The business model: Old Dominion functions as a wholesaler, so revenue comes from the resale of the flowers and foliage sourced from its local suppliers. The company is now working with 16 local flower farms that provide floral products to the site each week. ODFC also follows a handful of core principles that include “minimizing the environmental impact of growing, importing and shipping traditional wholesale floral products; supporting a sustainable floral economy by paying employees fair, livable wages and providing predictable income to farms to allow them to do the same; and providing only top-quality floral products to our customers,” Wakefield McMullen said. The young business generated $150,000 in revenue during 2021, and is projecting $500,000 in revenue in 2022. This year, she said, will be “a year of growth, systemization and process development.”

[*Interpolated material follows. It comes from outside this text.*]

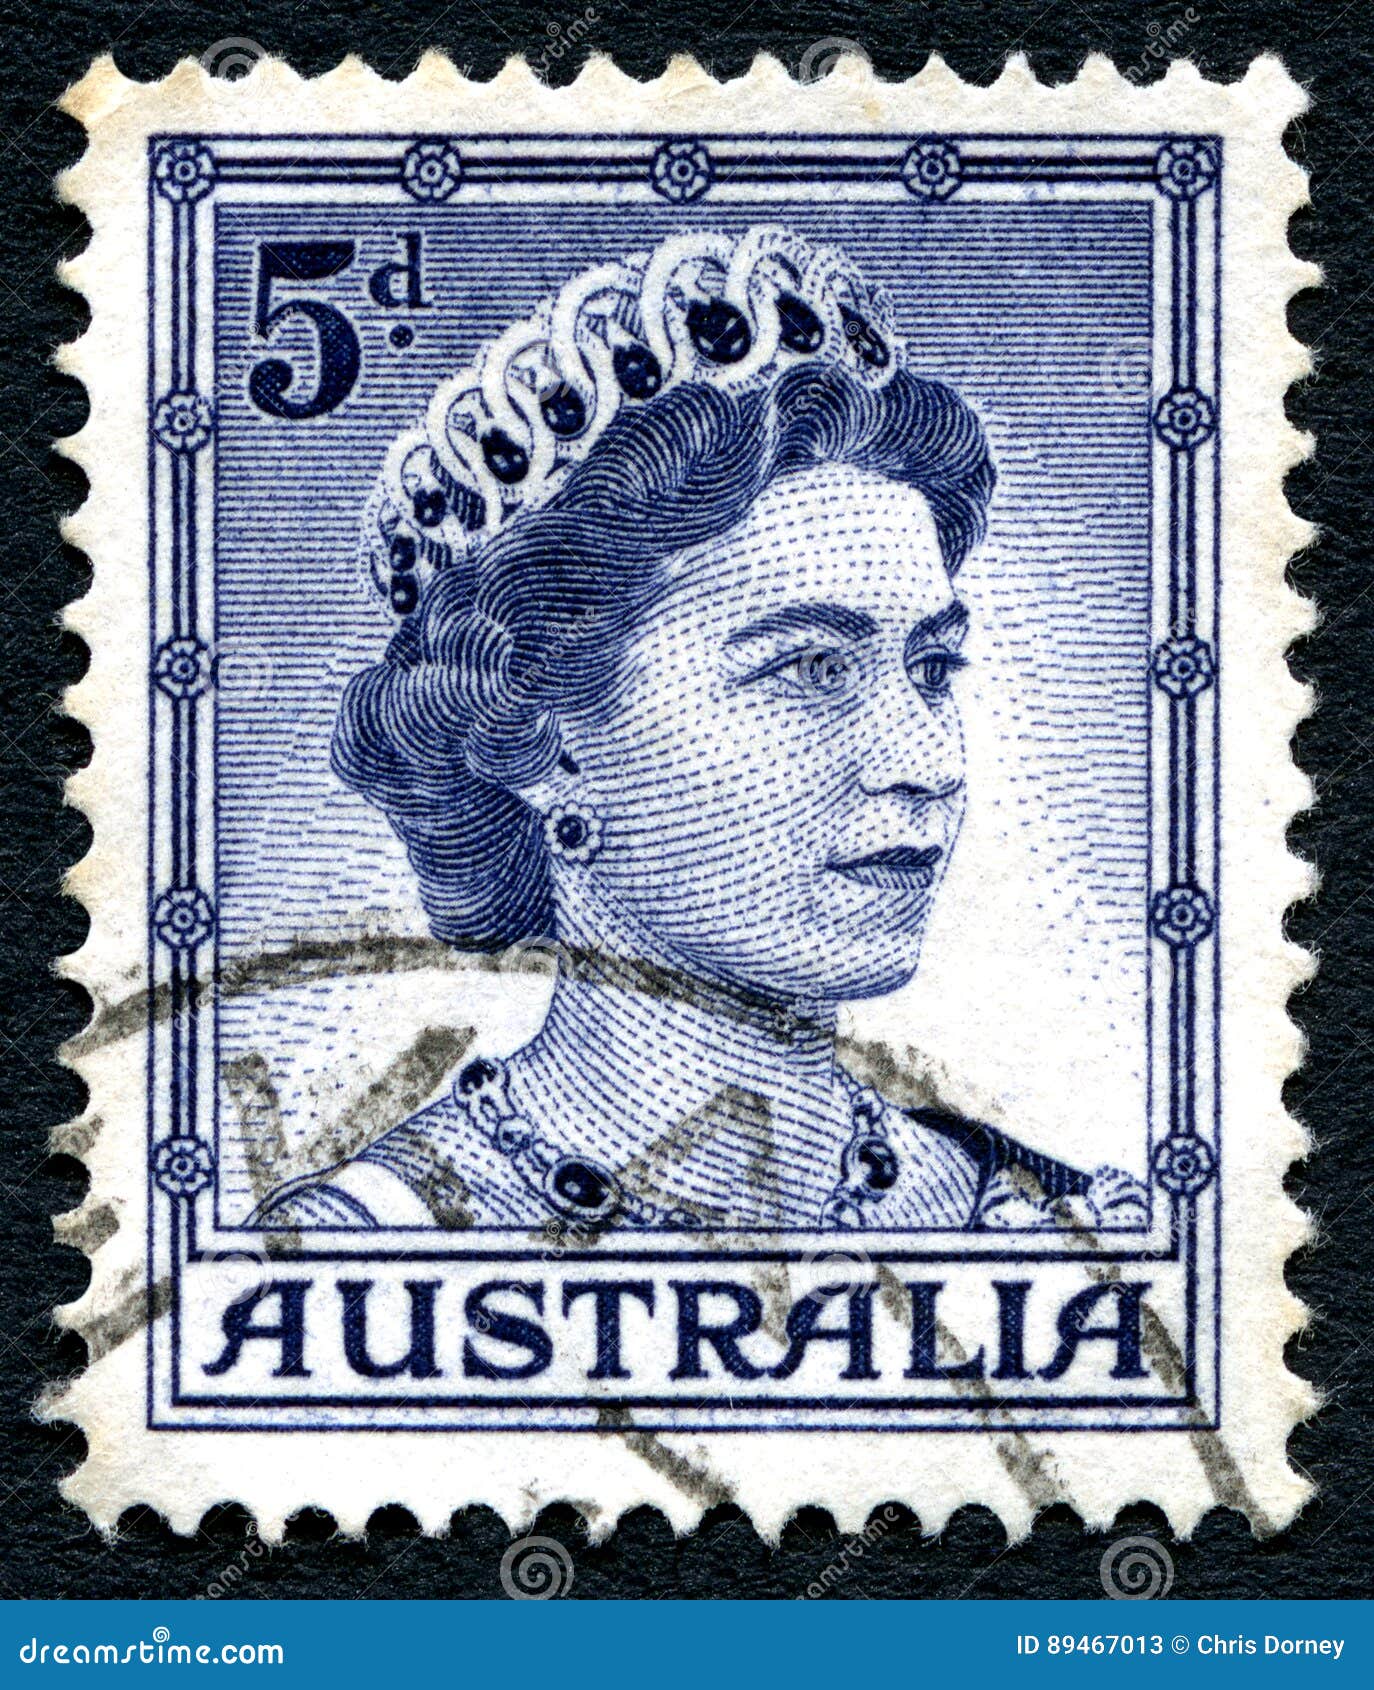 Queen Elizabeth II Australian Postage Stamp Editorial Stock Photo ...

The challenge: Increasing capacity. The company is looking for a permanent warehouse to manage more product. That’s critical, after launching in 2021 “to far more interest and enthusiasm than we expected,” Wakefield McMullen said. “While we knew the problem we had identified was real, we were not aware of the full extent of the demand for local flowers.” But roadblocks such as shipping disruptions, climate change and the Covid-19 pandemic made the traditional method of sourcing — through imports from South America — “inconsistent, unreliable, and, in some cases, unavailable,” she said. “Designers started turning to ODFC to supply local flowers right away. Our capacity was limited in 2021 by our facilities, staff and delivery capabilities.”

The game plan: Old Dominion, in the Bethesda Green accelerator, will set out to raise roughly $250,000 this spring, Wakefield McMullen said. That will support the footprint expansion and allow the company, now with five employees, to bring on warehouse support and additional delivery drivers as the season progresses. The business will also use the capital to further develop the processes and technology that, Wakefield McMullen said, are “required to manage a highly diverse, seasonal, fragile and perishable inventory.”